Enkele jaren geleden debuteerde Johan van
Iseghem met de bundel Uit de tijd. Het was een opmerkelijke bundel, door de
rijpe en haast klassieke toon die de dichter hanteerde maar ook door de
originele combinatie van woord en beeldende kunst. Dezelfde principes liggen
eveneens ten grondslag aan het zopas verschenen Boekwijd. Alleen al de titel, met zijn dubbelzinnige verbinding van
een voedzaam gewas (boekweit) en de ruimte die boeken bieden, is typerend voor
de manier waarop de dichter op zoek gaat naar een diepere samenhang en een
diepere betekenis. Tegelijk vormen de kunstwerken ook een gedroomde aanleiding
voor nauwgezette observatie, voor het vaststellen en duiden van een kleine,
haast onopvallende scène.
Thematisch cirkelt Boekwijd
helemaal rond het lezen en het boek als uniek object. De bundel opent al met
een stilleven waar in plaats van een stuk staart een gesneden boek wordt
geserveerd: het zet de dichter meteen ertoe aan om het lezen van een boek te
vergelijken met het behoedzaam aansnijden en verorberen van een delicatesse.

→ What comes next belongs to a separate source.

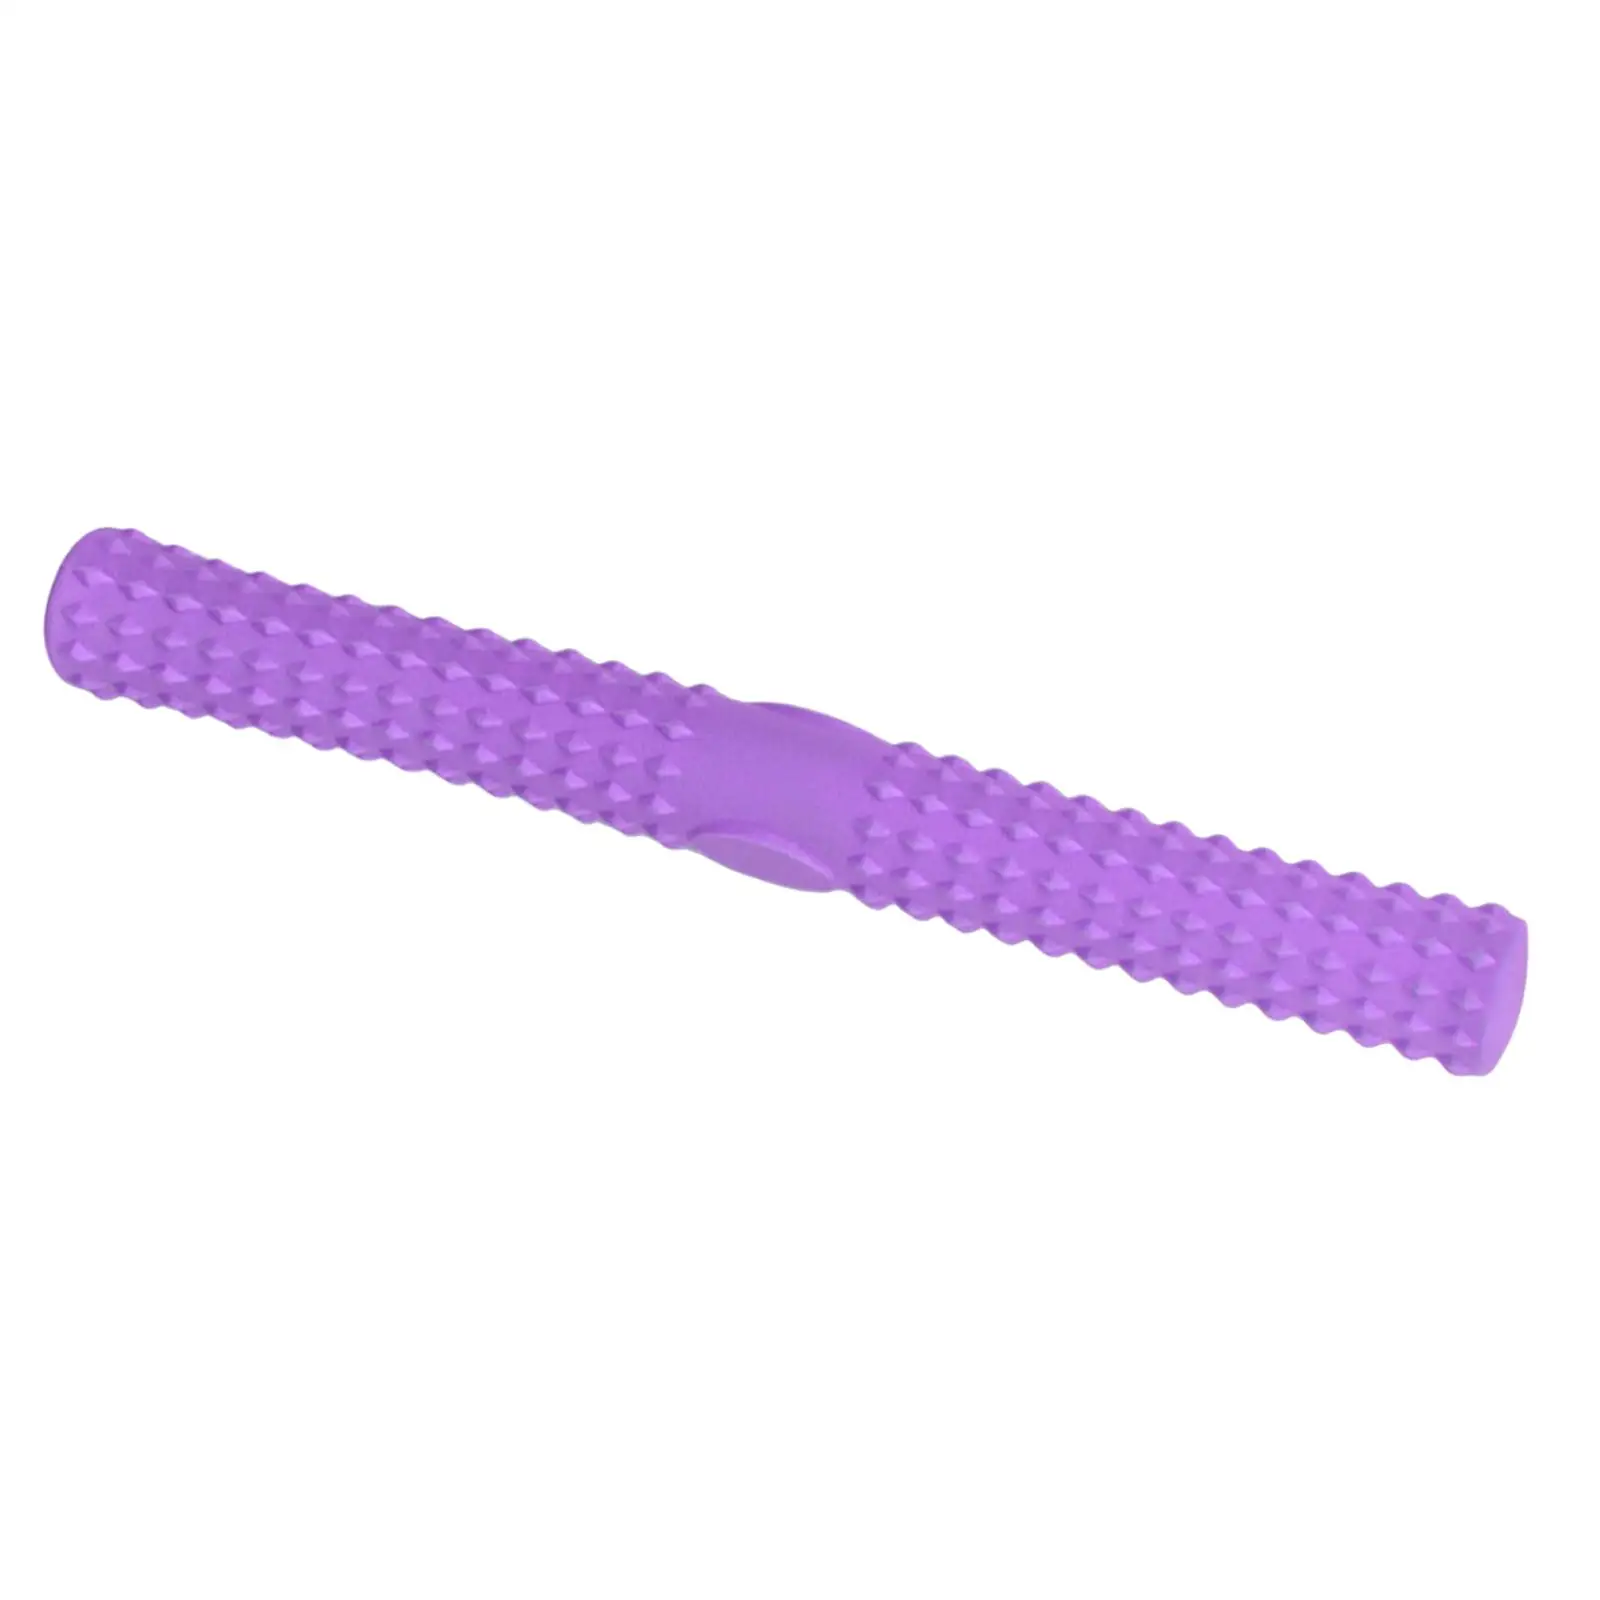 Twist Exerciser Bars Exercise Equipment Muscle Roller Tool Portable Workout Massage Roller Stick for Legs Travel Back Calf Body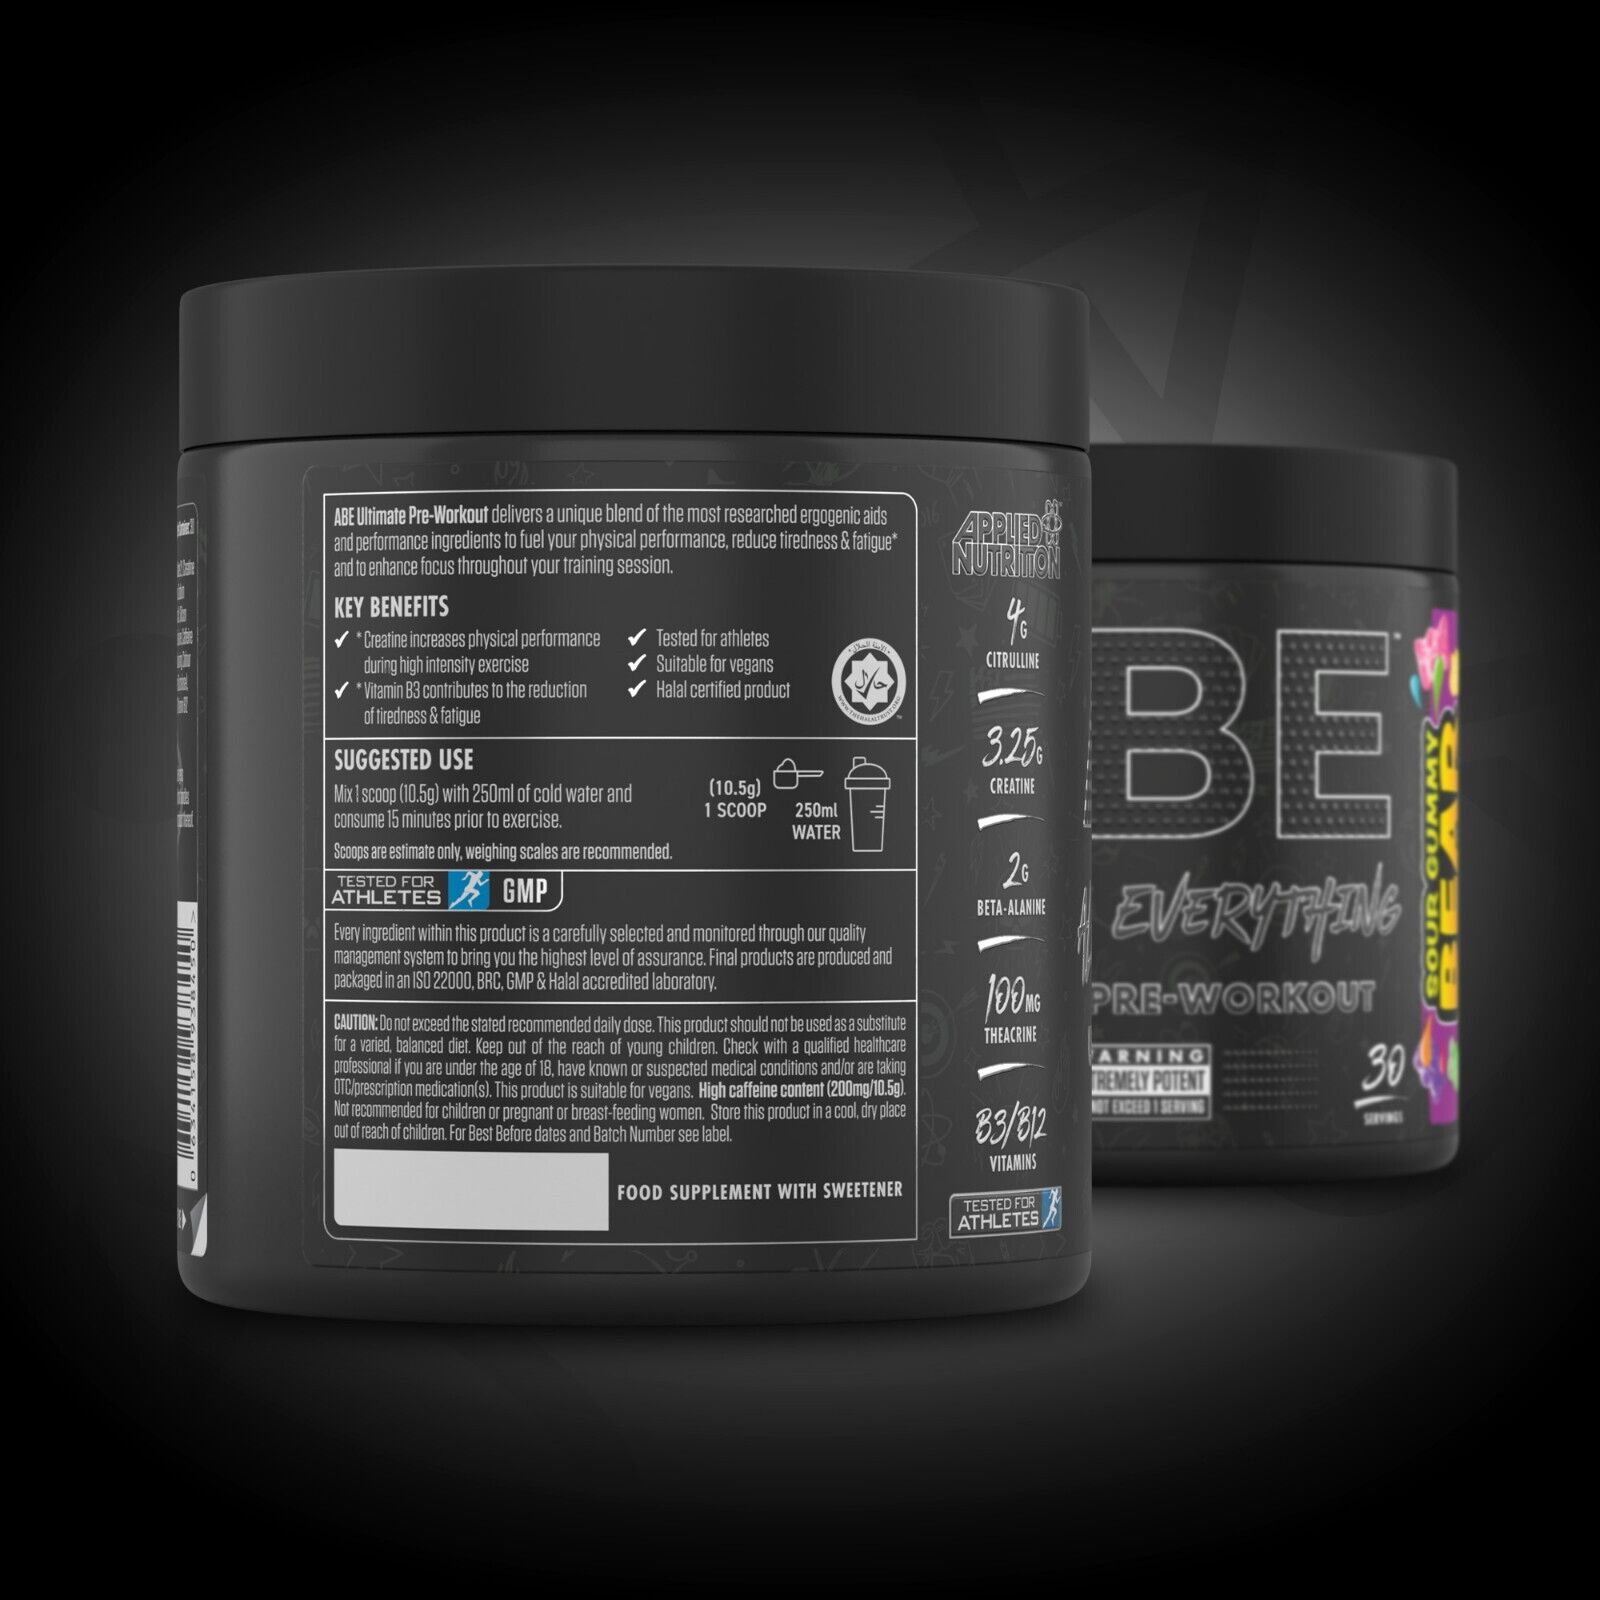 Applied Nutrition ABE Pre Workout Powder with Creatine

Lezen wordt hier opgeroepen als een haast lichamelijk genot, maar tegelijk ook
als een aanzet tot gedetailleerde observatie en reflectie achteraf: ‘Elk
overleg verdubbelt immers het vermaak / en resulteert in beter proeven en meer
weten.’ De verschillende afdelingen belichten ieder bepaalde aspecten van het
lezen: het affectieve lezen als individuele bezigheid, het evasieve lezen om te
ontsnappen aan de banaliteit van het bestaan, het sociale lezen, het lezen als
een manier om kennis te vergroten of dieper inzicht in het bestaan te verwerven…
Ieder gedicht laat zo andere
facetten zien van het lezen. Dat wordt in de hand gewerkt door de grote
variatie aan beeldende werken die telkens de aanleiding vormen voor het vers.
Van Iseghem put uit de wereldgeschiedenis van de kunst en beperkt zich daarbij
geenszins tot gecanoniseerde kunstwerken. Daardoor is dit boek ook visueel een
pareltje omdat de afzonderlijke voorstellingen van lezende personages ook een
verhaal op zich vormen, met portretten die elkaar echoën of tegenspreken. Een soortgelijke
compositie spreekt ook uit de gedichten zelf. Soms identificeert de dichter
zich met het personage op het schilderij, dat in de ikvorm zijn ervaringen met
het boek belicht. Op andere momenten is de dichter de observator van wat zich
op het schilderij aandient. Het is boeiend om zien hoe Van Iseghem telkens
opnieuw bepaalde sprekende details uit het betreffende schilderij naar voren
weet te halen; dat draagt bij tot een erg concrete en bijzonder geloofwaardige
toon, die oog heeft voor de specifieke historische context van de schilder maar
tegelijk ook al die stemmen perfect doet samenklinken. Ronduit volkse gedichten
wisselen af met bedaagde overpeinzingen of een meer plechtstatige, gedragen
zegging. Een heuse galerij aan personages maakt zijn opwachting, en op die
manier krijgt de lezer ook een doorsnee van de samenleving te zien.
De bedoeling van de dichter reikt echter verder dan
dergelijke empathische beschrijvingen. Uiteindelijk viseert Van Iseghem een
dieper inzicht in het mysterie van het (literaire) lezen. Zijn mooie bundel
laat zich dan ook lezen als een reeks bezinningen, en heel wat gedichten
bevatten uitspraken met een aforistisch karakter. Lezen wordt hier niet alleen
voorgesteld als een vrijblijvende hobby, maar ook als een unieke vorm van
verbeelding en amusement die berust op het verwerven van kennis. Lezen doet ons
anders en beter kijken, laat ons situaties die ogenschijnlijk ver van ons
verwijderd zijn in tijd en ruimte meebeleven en begrijpen. In die zin is deze
bundel het werk van een didacticus die alle tonaliteiten van de taal inzet om
lezers voor zijn poëzie te winnen maar ook voor die van anderen en voor de vele
waardevolle monumenten uit ons culturele en artistieke verleden.
Johan van Iseghem: Boekwijd, P, Leuven 2023, 89 p. : ill.